116 books161 followers
(Percy) Wyndham Lewis (1882-1957) was a novelist, painter, essayist, polemicist and one of the truly dynamic forces of the early 20th century and a central figure in the history of modernism. He was the founder of Vorticism, the only original movement in 20th century English painting. His Vorticist paintings from 1913 are the first abstract works produced in England, and influenced the development of Suprematism in Russia. Tarr (published in 1918), initiated his career as a satirical novelist, earning the praise of his contemporaries: "the most distinguished living novelist" (T.S. Eliot), "the only English writer who can be compared to Dostoevsky" (Ezra Pound).
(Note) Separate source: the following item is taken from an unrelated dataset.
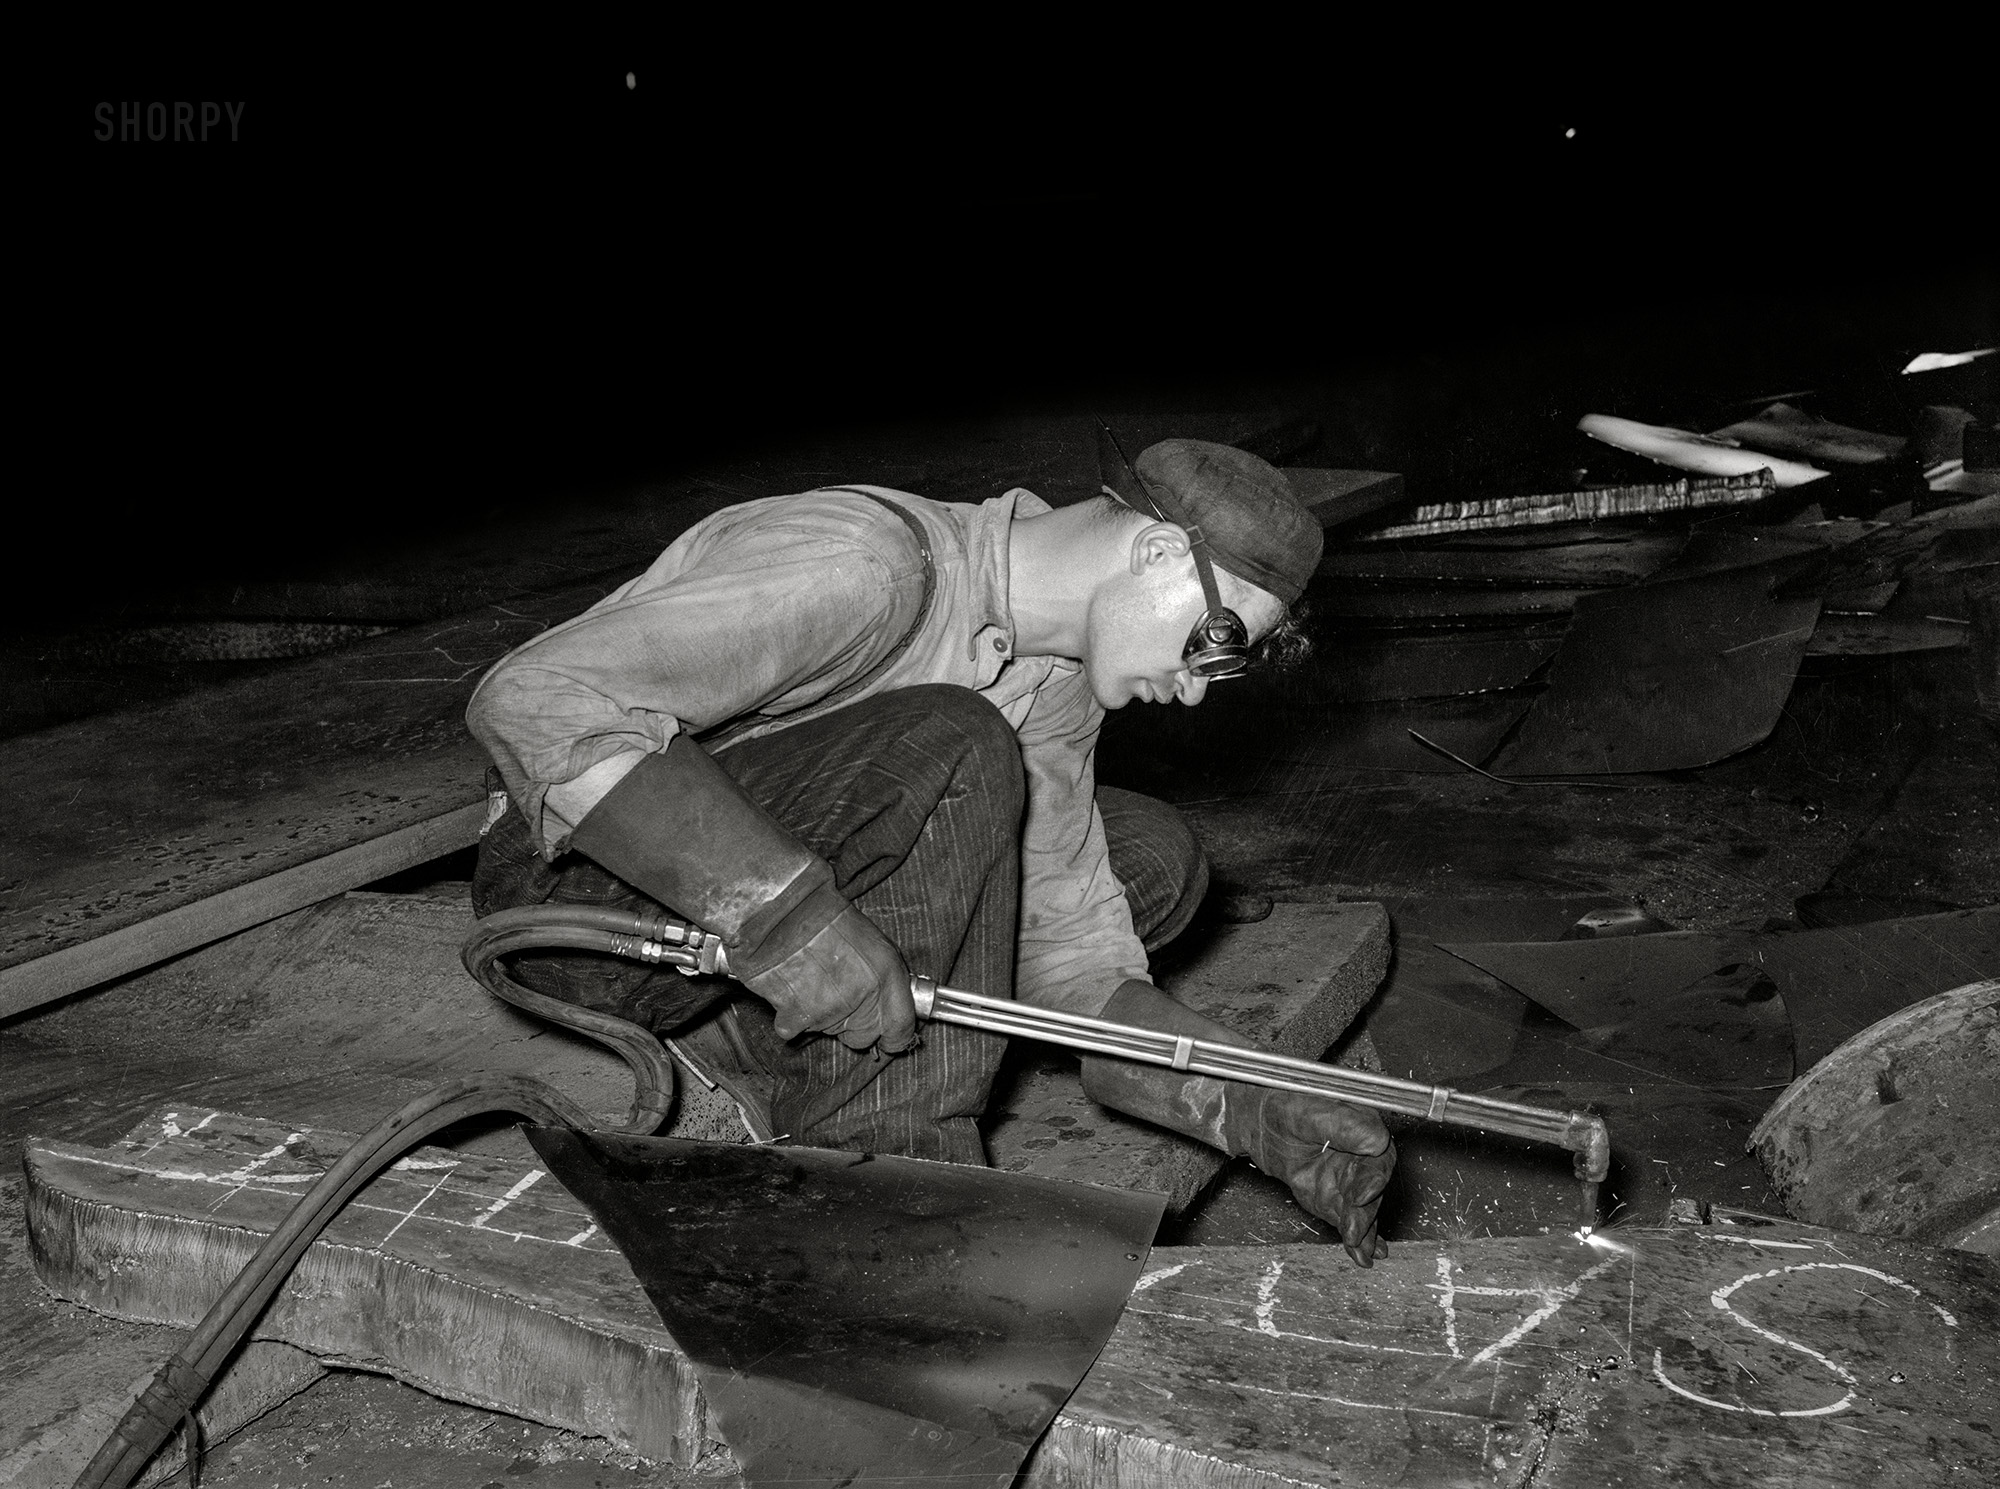 &nbsp; &nbsp; &nbsp; &nbsp; A Shorpy salute to the nation's workers on Labor Day 2020 --
July 1938. "Steel worker at rolling mill. Pittsburgh, Pennsylvania." Medium format acetate negative by Arthur Rothstein for the Farm Security Administration. View full size.

After serving as an artillery officer and official war artist during the First World War, Lewis was unable to revive the avant-garde spirit of Vorticism, though he attempted to do so in a pamphlet advocating the modernisation of London architecture in 1919: The Caliph's Design Architects! Where is your Vortex? Exhibitions of his incisive figurative drawings, cutting-edge abstractions and satirical paintings were not an economic success, and in the early 1920s he devoted himself to study of political theory, anthropology, philosophy and aesthetics, becoming a regular reader in the British Museum Reading Room. The resulting books, such as The Art of Being Ruled (1926), Time and Western Man (1927), The Lion and the Fox: The Role of the Hero in the Plays of Shakespeare (1927) and Paleface: The Philosophy of the Melting-Pot (1929) created a reputation for him as one of the most important - if wayward - of contemporary thinkers.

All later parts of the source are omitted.